"The worst is Death, and death will have his day."
CAN ANDROIDS PRAY:BLUE isn’t a game, it’s a moment left behind by another game. It’s as if two NPC mechs that were incapacitated during one of your battles held a conversation after the game had moved on. Except these two pilots are going to die, and they’re fully aware of that.
The story involves only Cortney (you) and Beatrice—two mech pilots in damaged vehicles, unable to move. Cortney’s fuel line has been ruptured, which is apparently going to cause an explosion large enough to take them both out with the sunrise. The planet’s atmosphere prevents the pilots from fleeing their doomed mechs, so there’s nothing to do but await their fates…and question plenty of things along the way.
The conversation is driven by Beatrice, with Cortney offering various replies. Which reply you choose seems more about controlling the tone of the conversation than about driving it towards a specific end. It seems Beatrice has learned some things she probably shouldn’t know, and she’s desperately seeking answers to it all as she faces down death. You decide how to treat her as she works through this.
That really is the entire game. There’s no one to control and nowhere to explore, you’re just part of a conversation. You’re presented with questions and you decide your response from three choices. Within fifteen minutes, the game is over.
So, CAN ANDROIDS PRAY:BLUE is not a game, it’s a story. It’s a snippet of dialogue in an issue of Weird Tales that, like a lot of good science fiction, is meant to make you consider something larger than the immediate setting. And in this regard, CAN ANDROIDS PRAY:BLUE is quite successful. The existential crisis faced by Beatrice is very believable, and the way she confronts it is quite brave. As Cortney, you’re forced to consider how you would face the same fate. Do you chastise her, empathize with her, or sit in your own ambivalence?

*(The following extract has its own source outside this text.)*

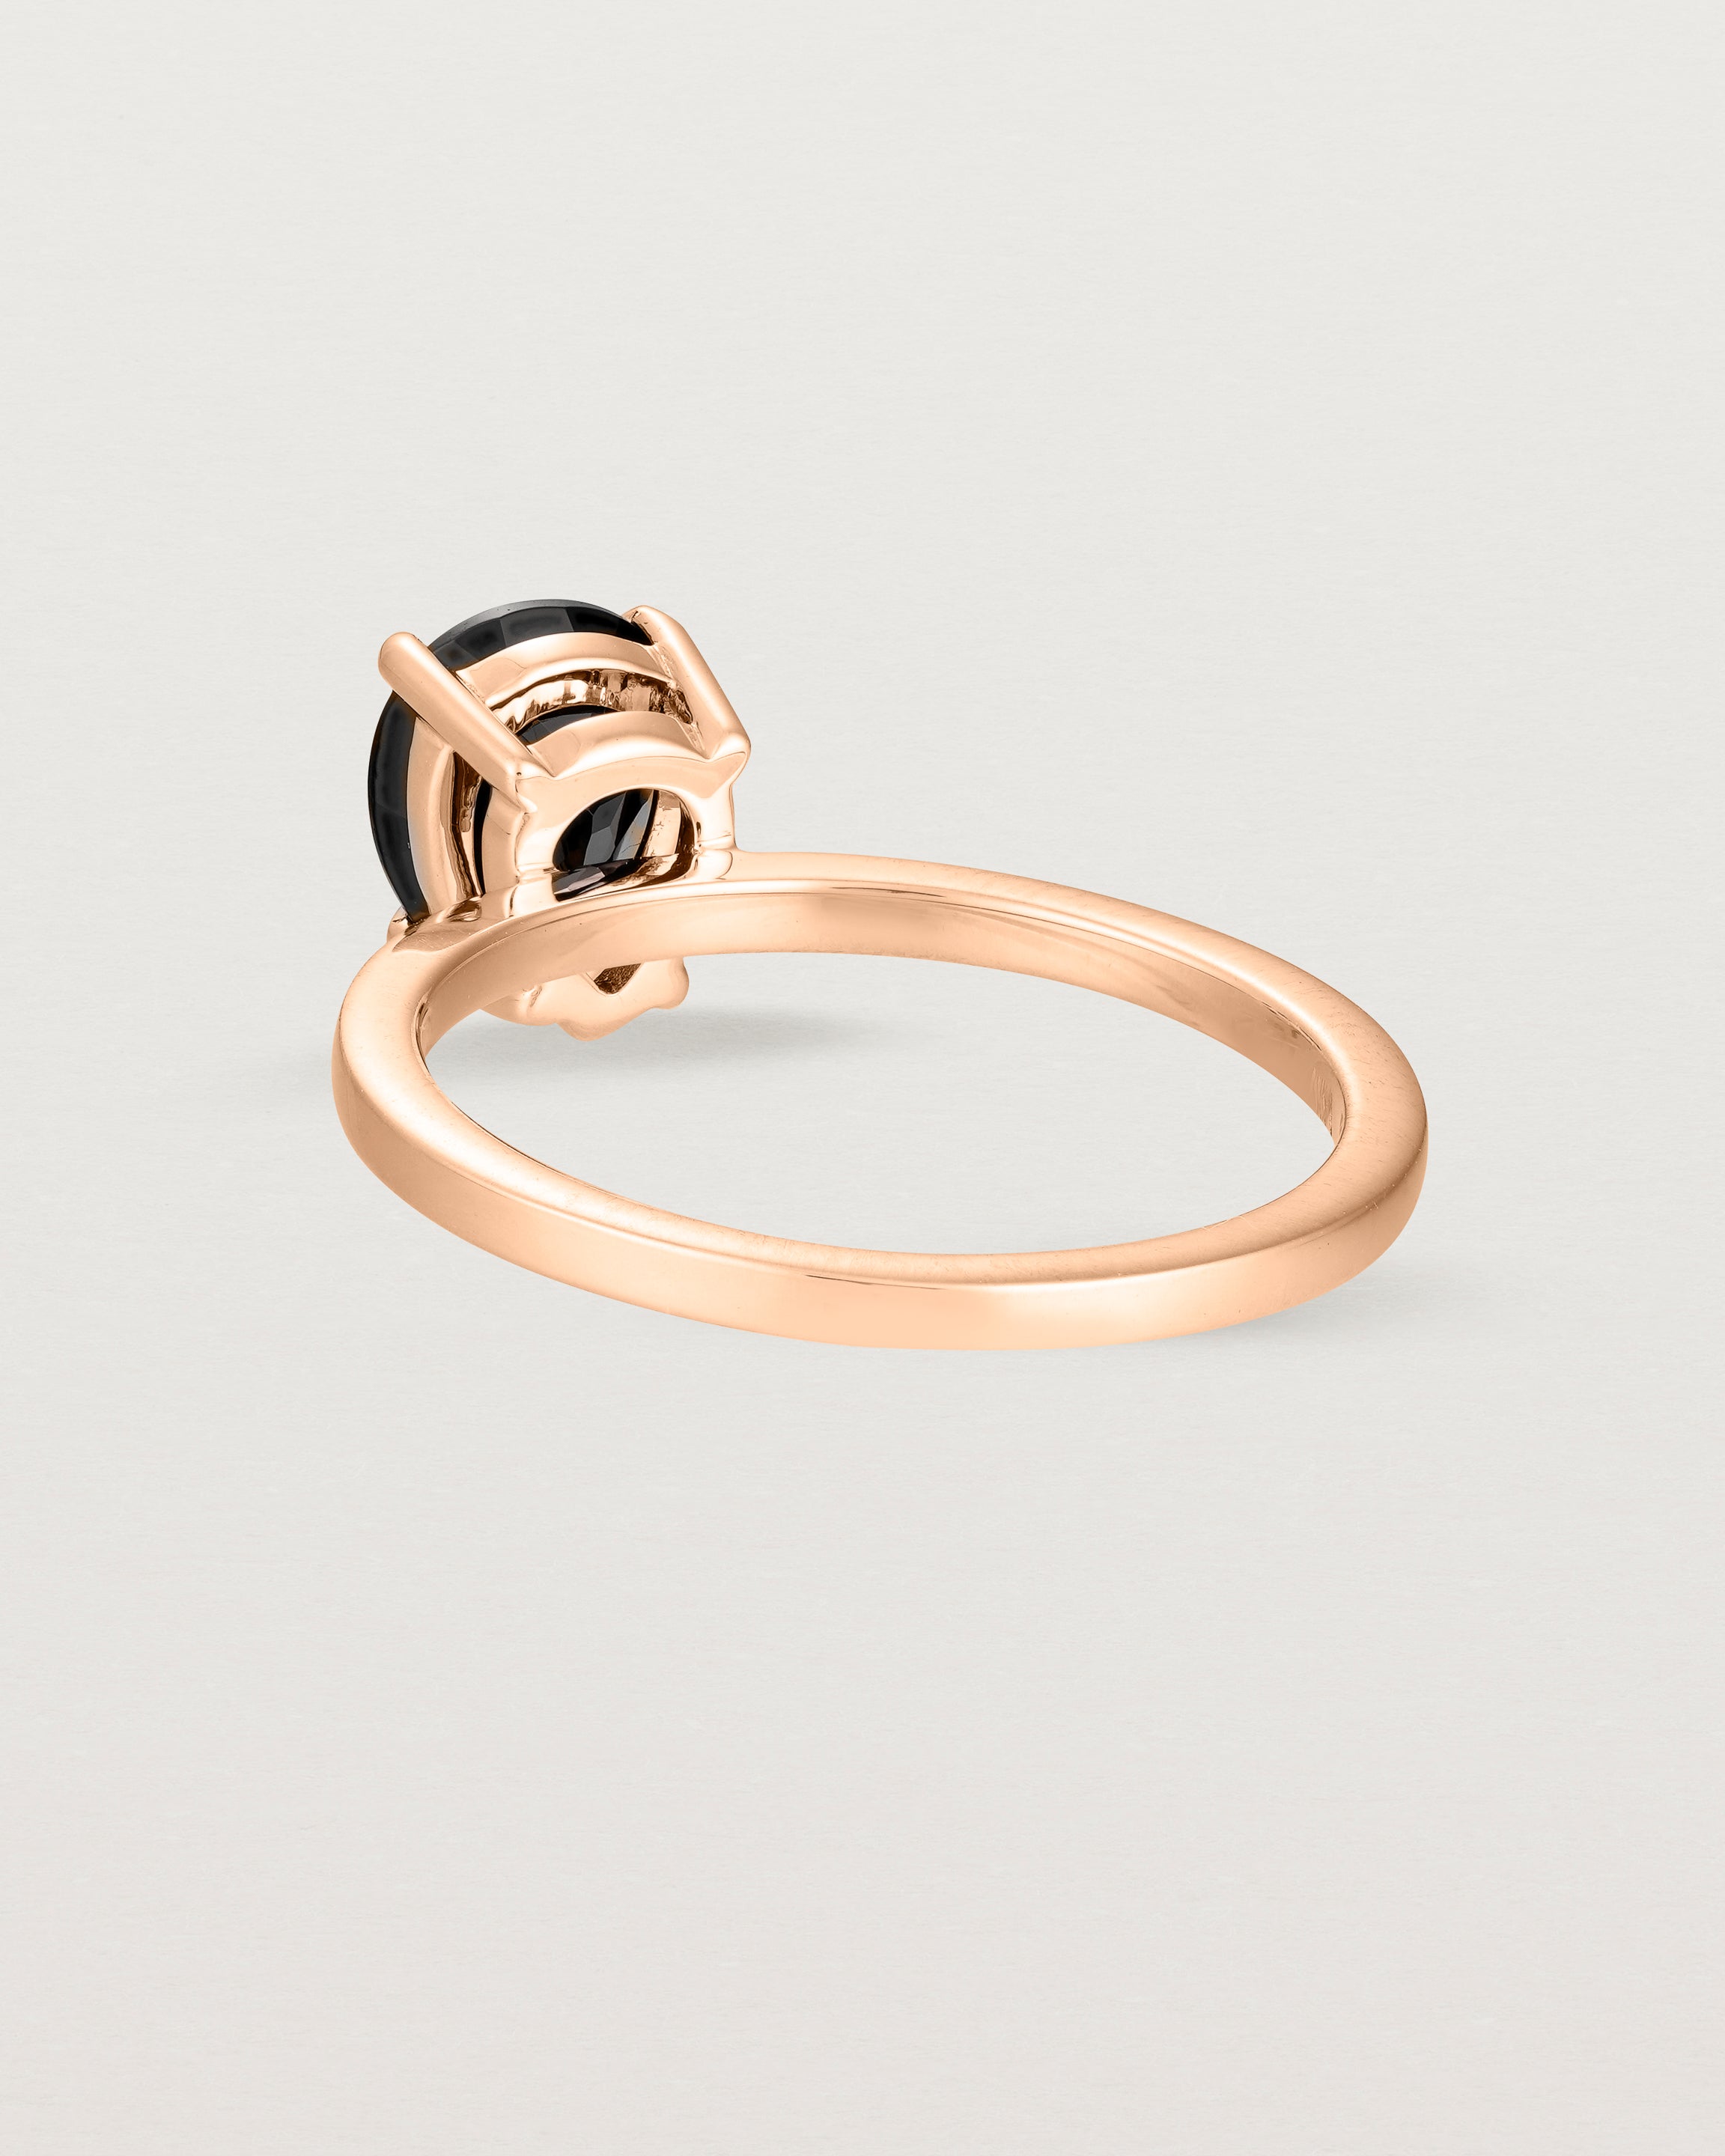 Back view of the Una Pear Solitaire | Black Spinel | Rose Gold.

This theme is accented by stark visuals that are as bleak as the story itself, although I would’ve preferred one variation on the design choice. Throughout the dialogue, the “camera” swaps angles to give us different views of the mech and the area in which they lay. Considering the point-of-view in the story, I think it would’ve been cooler to see the whole thing through Cortney’s eyes: the interior of the destroyed mech, Beatrice’s machine in the distance, the empty horizon of the dead planet. That would’ve been better for immersion.
The music, on the other hand, is wonderfully composed and used perfectly. It has to set the mood, as the dialogue is not acted out. I preferred this, as it made the scenario feel appropriately lifeless.
But can I recommend CAN ANDROIDS PRAY:BLUE, especially at its current price of $6.99? Certainly not as a game, which it isn’t; that Nintendo classifies it as “adventure, role-playing” simply indicates they need to expand their genre listing. It’s a science fiction story with some light decision making that should lead you to some heavy discussions about the very nature of existence. Play it once, hand it off to a friend, then find some stars to lie under and get to talking.
Review: Can Androids Pray:Blue (Nintendo Switch)
Good
CAN ANDROIDS PRAY:BLUE tells an effective story of two mech pilots addressing some existential topics as they face imminent death. It’s not a game, but a unique narrative that’s better if you have someone with whom you can share the characters’ struggle.